Type I Error
A Type I Error is the error we make when we choose to reject the null hypothesis in a hypothesis test even though the null hypothesis is, in reality, true. Let’s say we work for a camping good manufacturer that makes bag chairs.
We’ve just gotten word that our chairs are collapsing under a weight much lower than the 350 lbs we’ve rated them at. We conduct a hypothesis test trying to gather evidence to support the claim that lawn chairs break at a weight less than the 350 lbs we think they should break at
We’ve just calculated a p-value from the hypothesis test. The p-value, 0.02, happens to be more than our predetermined alpha-level of 5% or 0.05. We should reject the null hypothesis because that’s what we do when the p-value is less than our alpha-level. We would conclude “We have sufficient evidence to support the claim that our chairs break at weights less than 350 lbs.” Based on this test result, we look closely into the materials or manufacturing process of the chairs because the hypothesis test said there’s something wrong.

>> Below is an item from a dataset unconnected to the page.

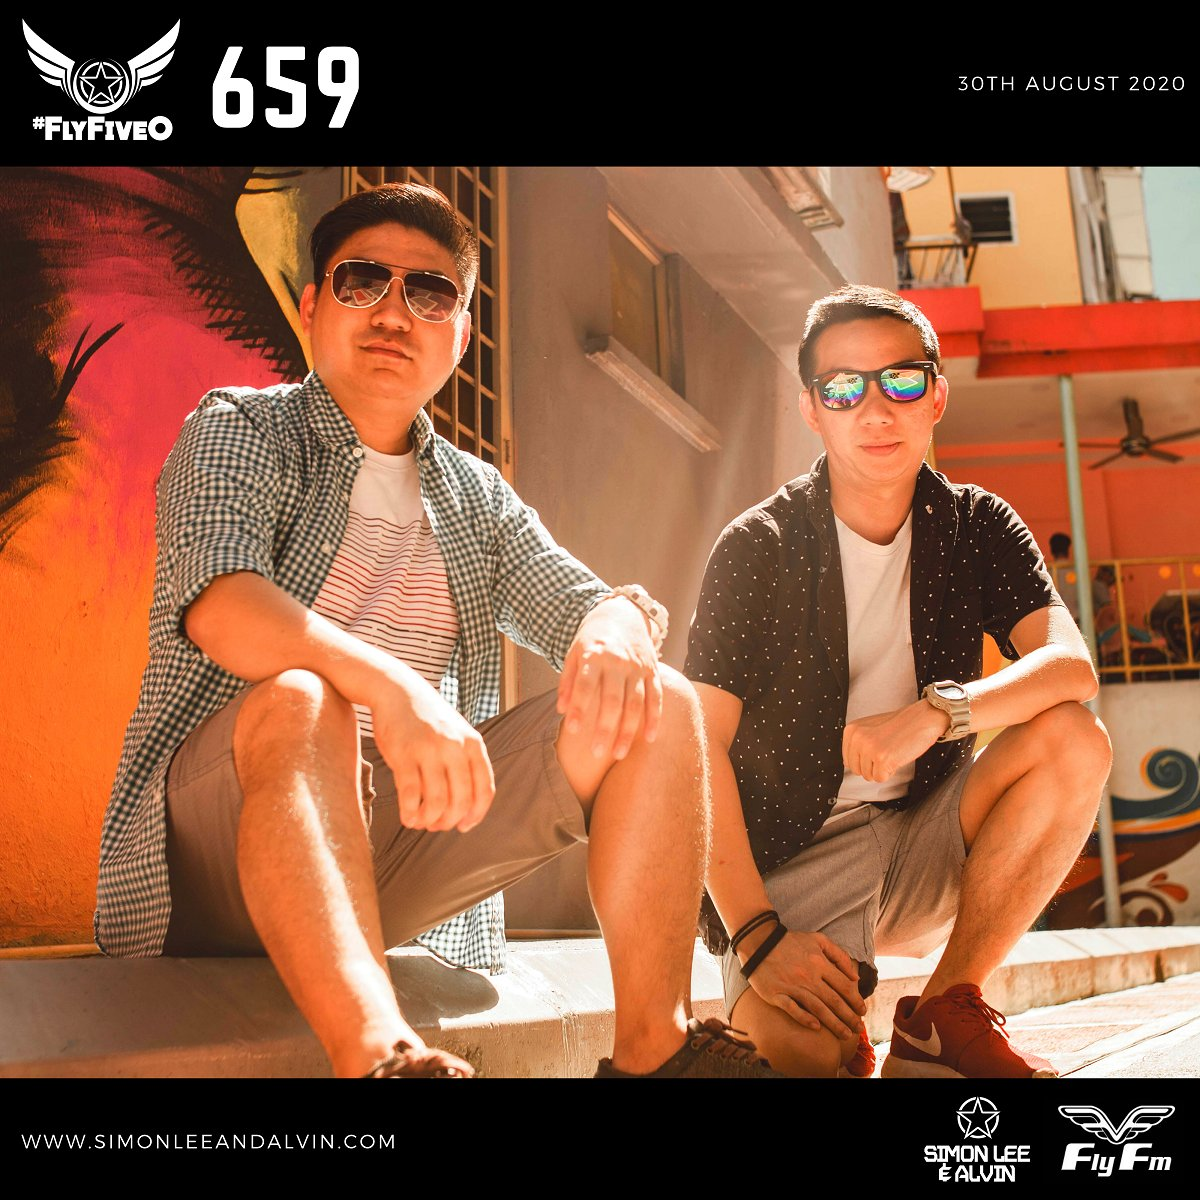 [TONIGHT - 12AM - LIVE] All new episode FLY FM #FlyFiveO #659 feat new releases from @Richard_Durand @official_JES @borisfoongdj @arminvanbuuren @linneyofficial @haikalahmad_dj @iamblueyesmusic @FEEL_DJ + many more! https://t.co/KbI6wIMBCV

We fire our parts supplier and hire a new, more expensive one, and we buy all new assembly machines. Problem...what if the null hypothesis is actually, secretly, behind-the-scenes-but-we-don’t-know-it true? What if the chairs aren’t breaking at less than their rating? It’s certainly possible because the p-value is just a probability that something could happen...not a guarantee that it will happen.
The decision we made to reject the null hypothesis based on statistically significant evidence is wrong, wrong, wrong, even though we don’t know it. Because we made a Type I Error, because we fire our materials supplier and buy all new manufacturing machines, we’re out a bunch of money we didn’t really need to spend. We can reduce the chance of making a Type I Error by reducing our alpha-level as much as possible.